*Task prompt*:
All pictures are to be omitted while the lines starting at the line with "Ashly Fine Rugs" and ending at the line with "Rembrandt van Rijn, Self-Portrait" in the material below are retyped exactly, both ends included.

Start of Materials provided

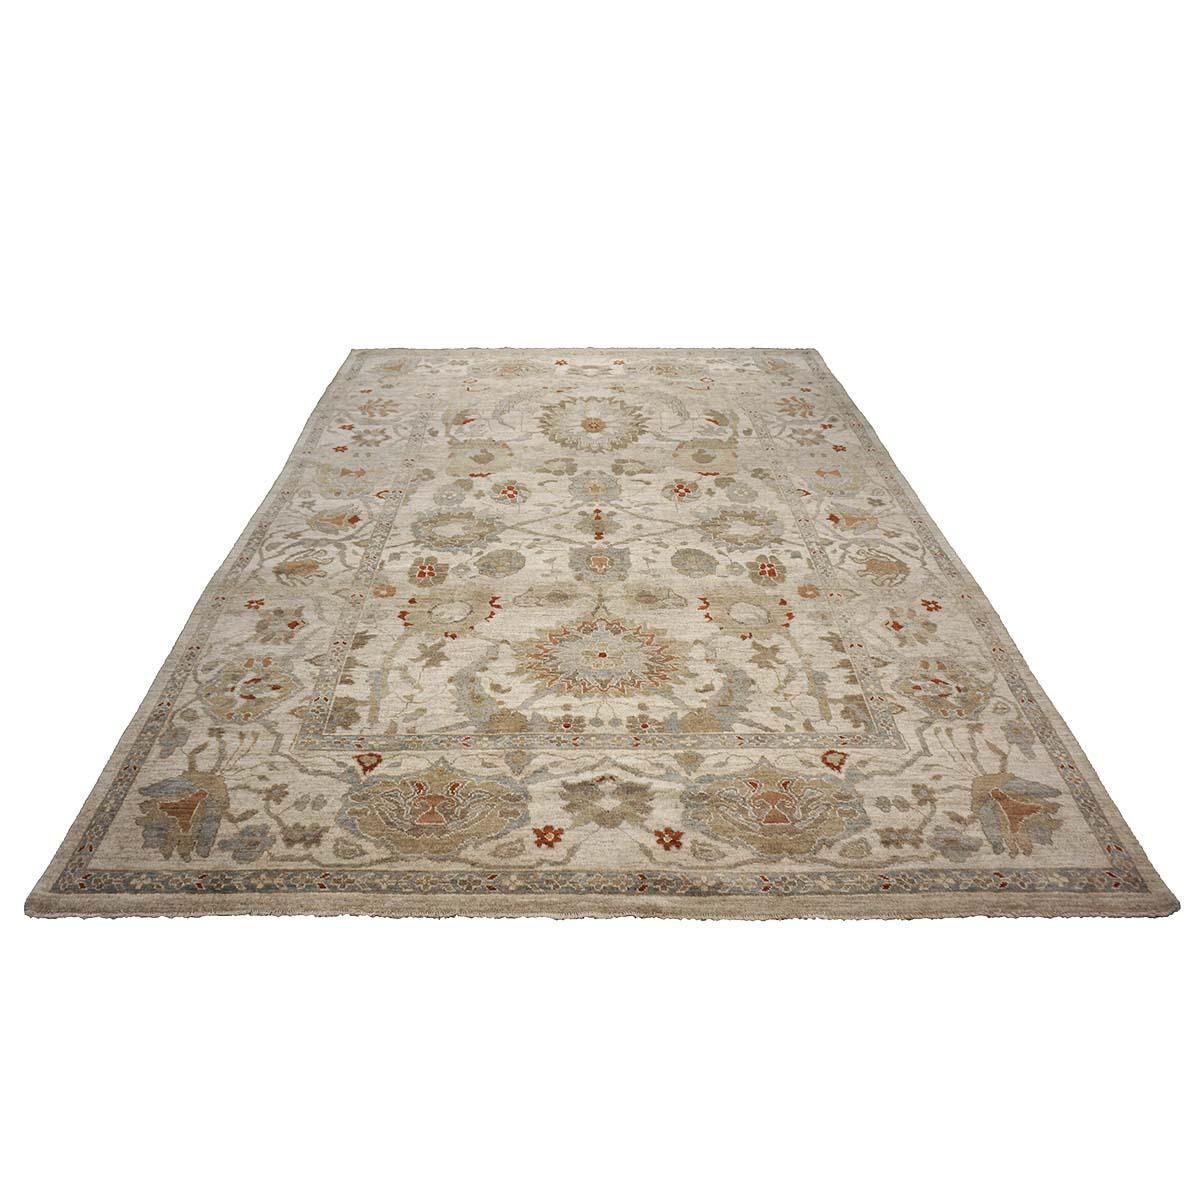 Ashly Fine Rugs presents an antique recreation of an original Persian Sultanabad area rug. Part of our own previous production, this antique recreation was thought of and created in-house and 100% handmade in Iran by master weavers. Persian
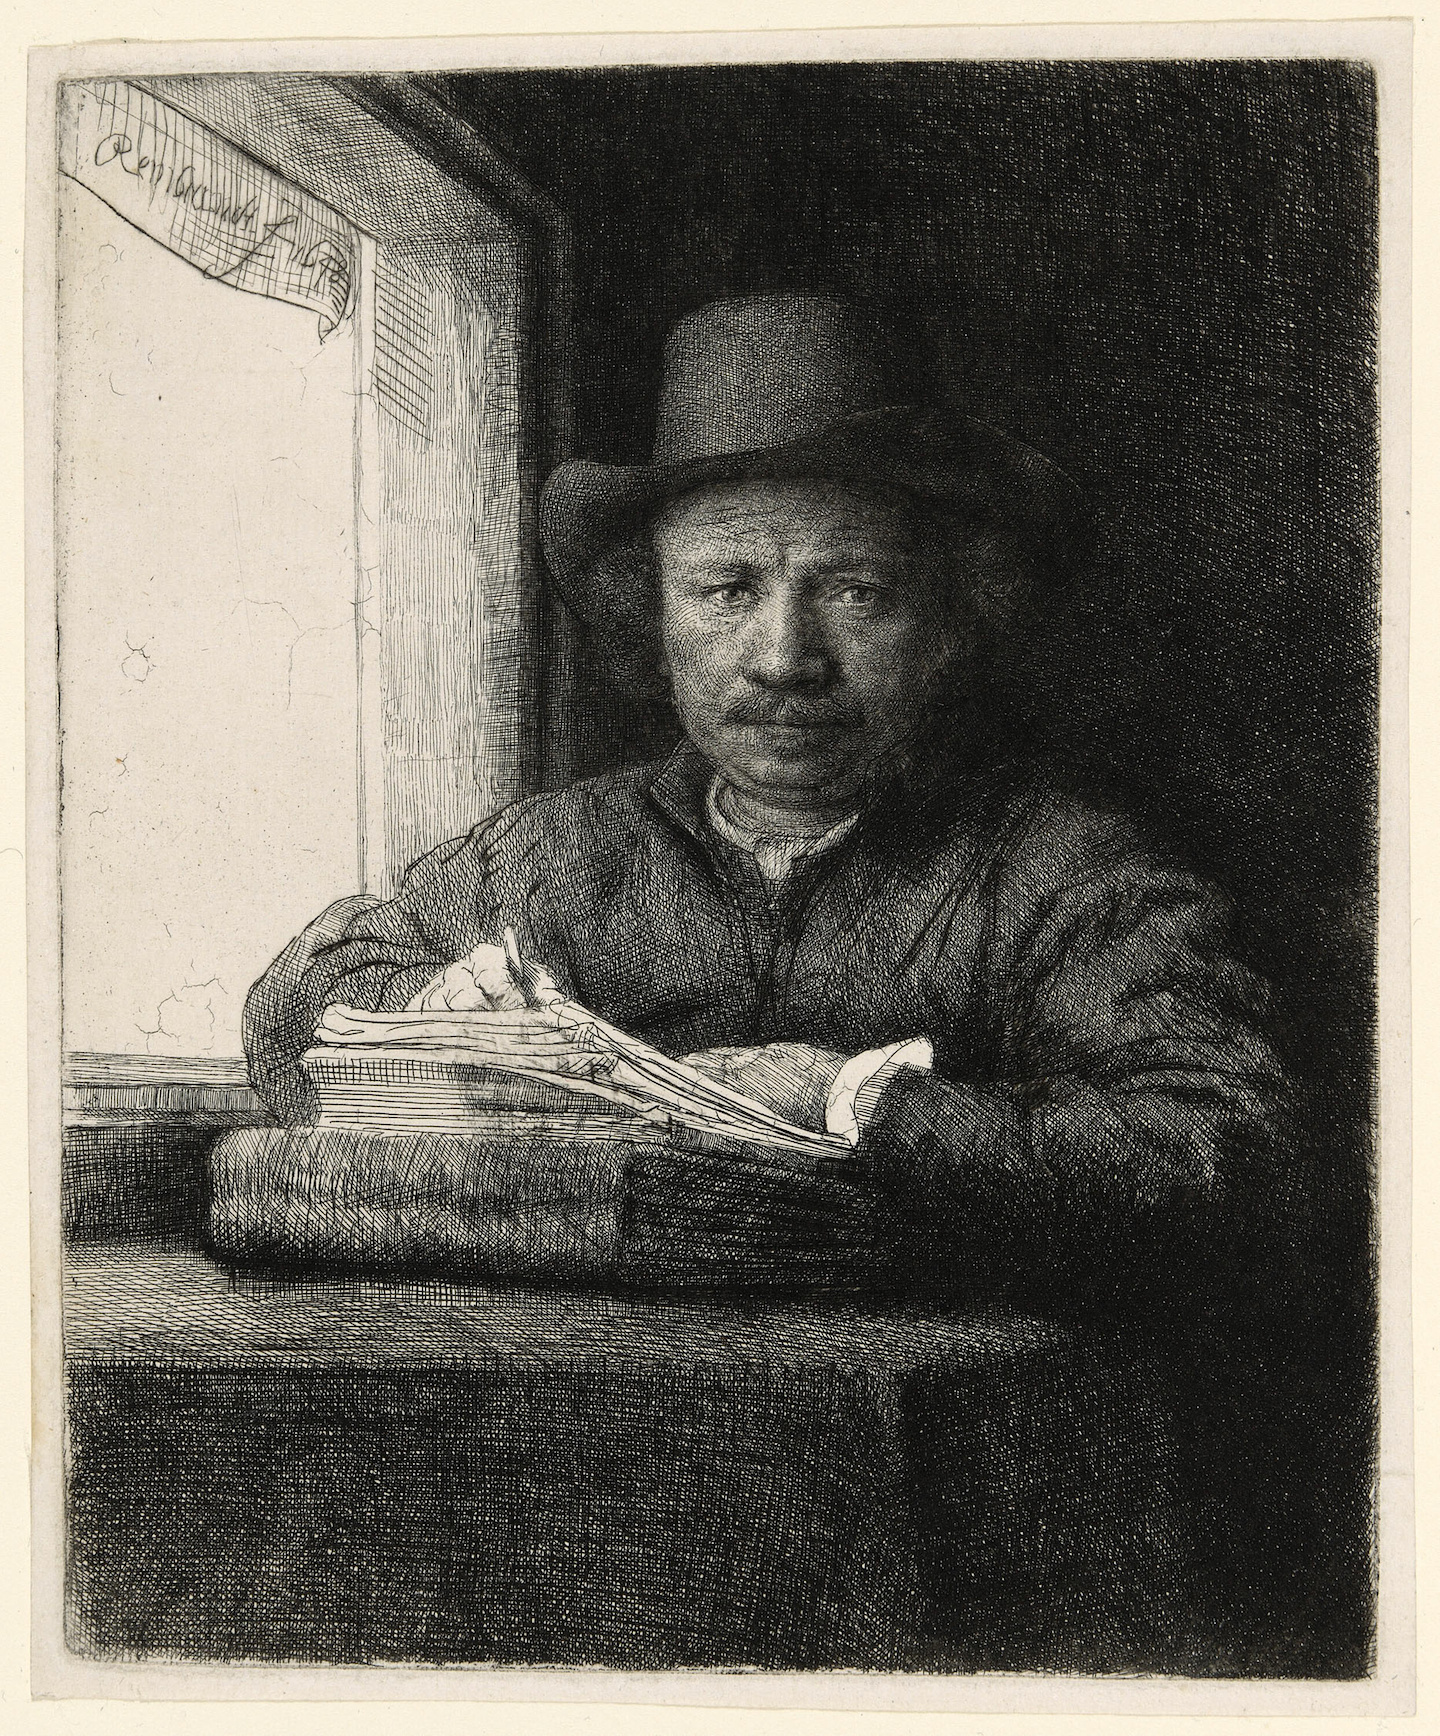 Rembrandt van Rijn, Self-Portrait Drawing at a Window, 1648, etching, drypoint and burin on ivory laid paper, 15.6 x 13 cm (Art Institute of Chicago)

End of Materials provided
Start of Materials provided

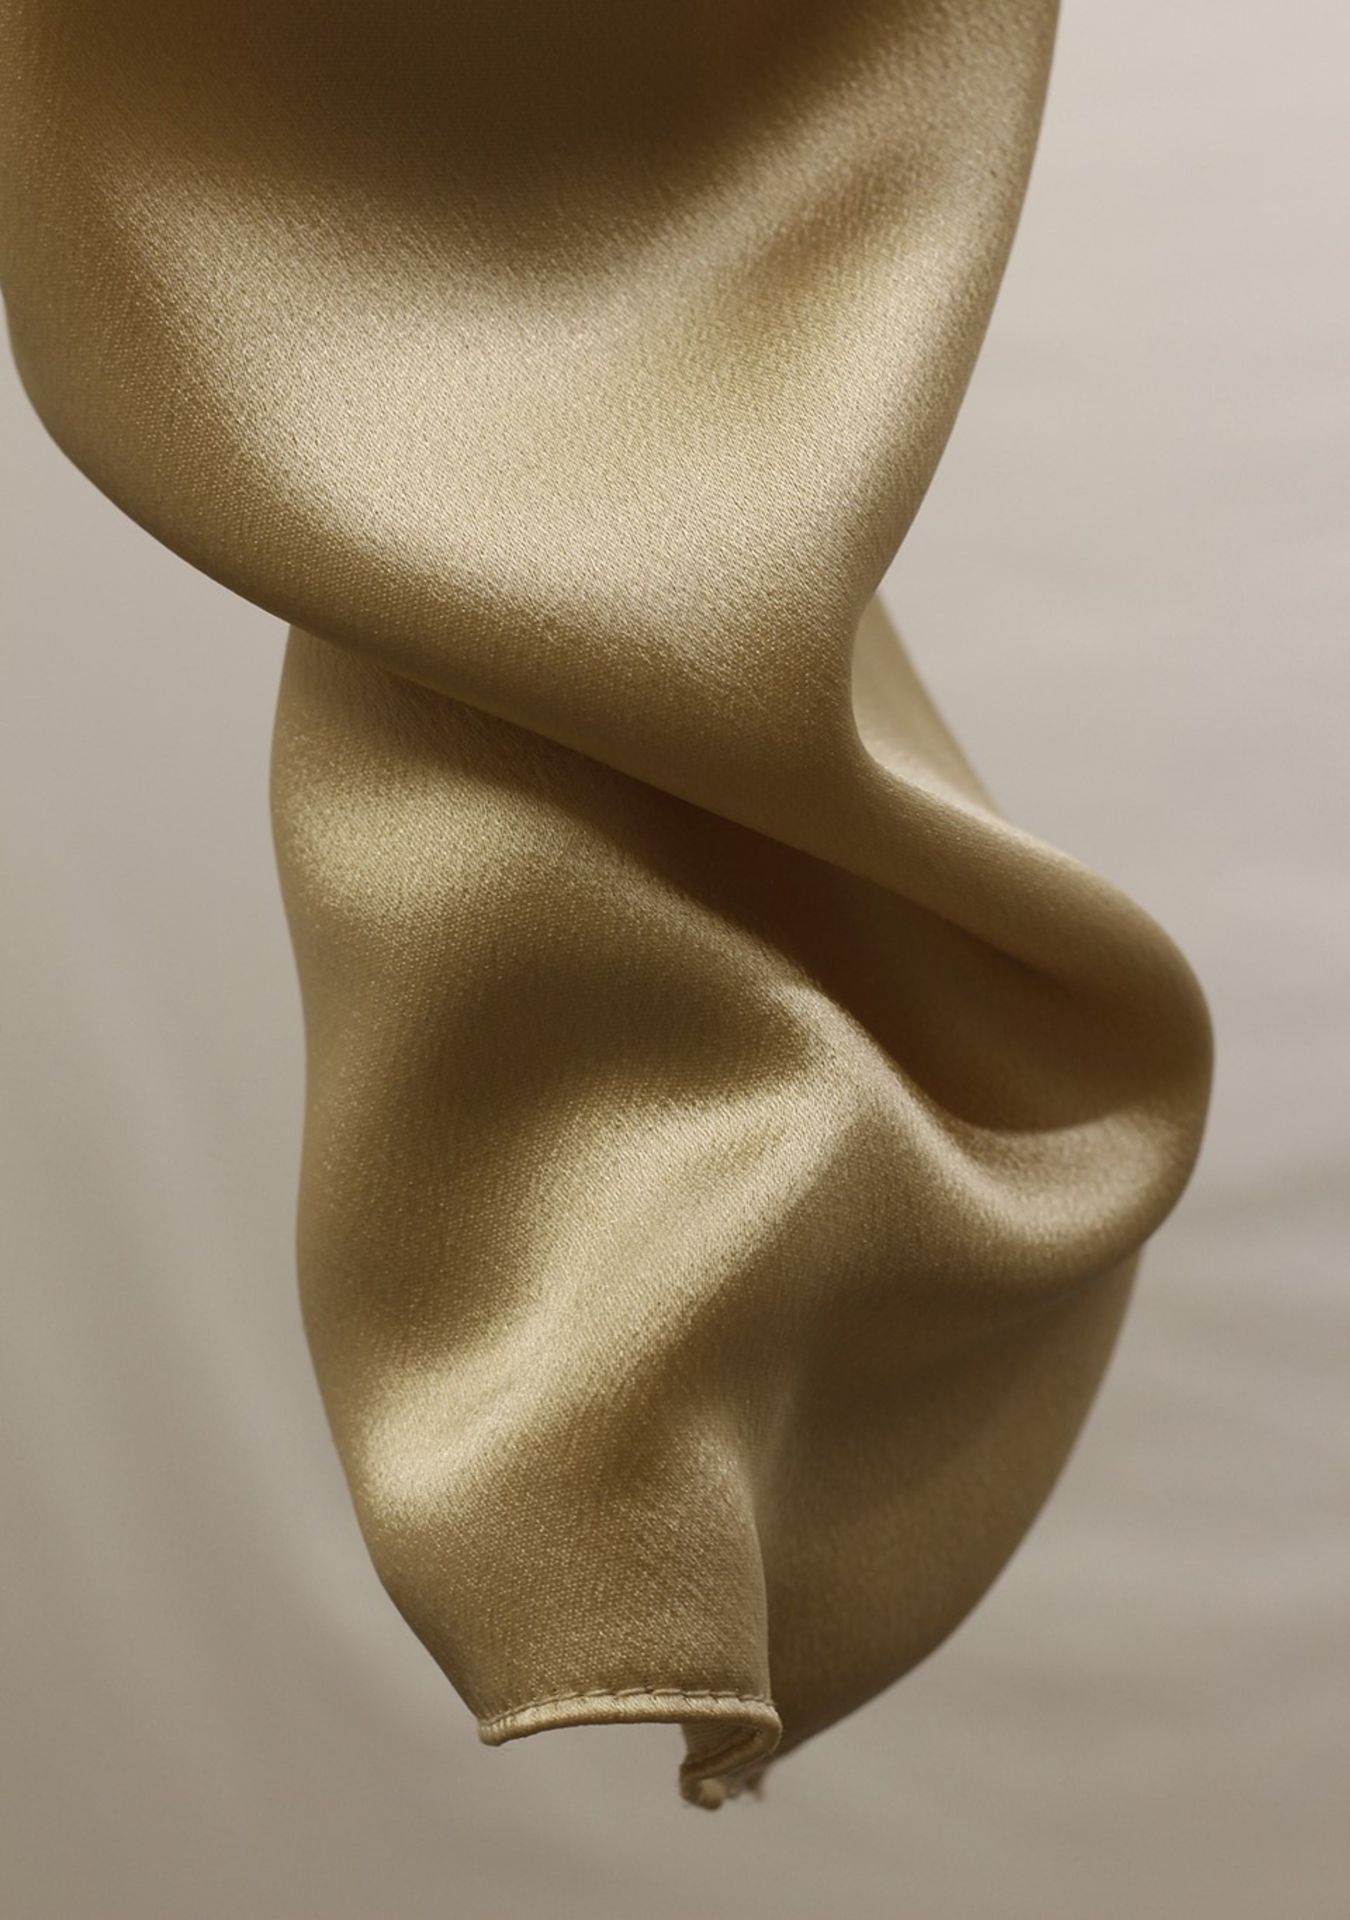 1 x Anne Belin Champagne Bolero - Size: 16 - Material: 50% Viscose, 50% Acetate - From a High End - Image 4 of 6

End of Materials provided
Start of Materials provided

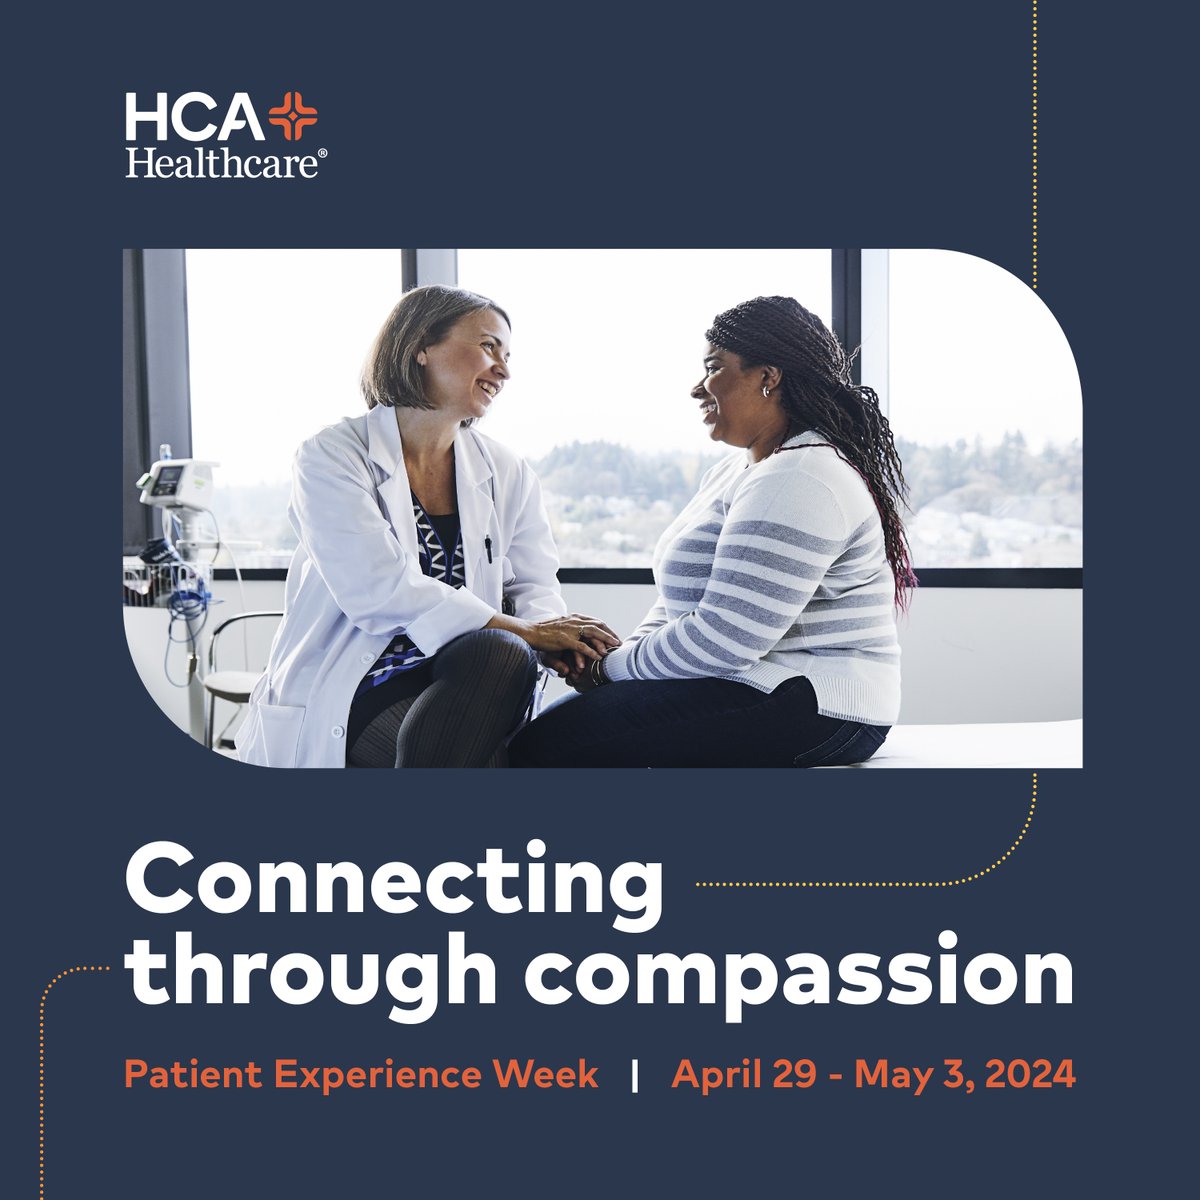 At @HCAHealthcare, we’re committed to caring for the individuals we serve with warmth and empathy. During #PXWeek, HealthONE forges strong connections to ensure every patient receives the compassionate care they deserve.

End of Materials provided

*Written response*:
 Ashly Fine Rugs presents an antique recreation of an original Persian Sultanabad area rug. Part of our own previous production, this antique recreation was thought of and created in-house and 100% handmade in Iran by master weavers. Persian
 Rembrandt van Rijn, Self-Portrait Drawing at a Window, 1648, etching, drypoint and burin on ivory laid paper, 15.6 x 13 cm (Art Institute of Chicago)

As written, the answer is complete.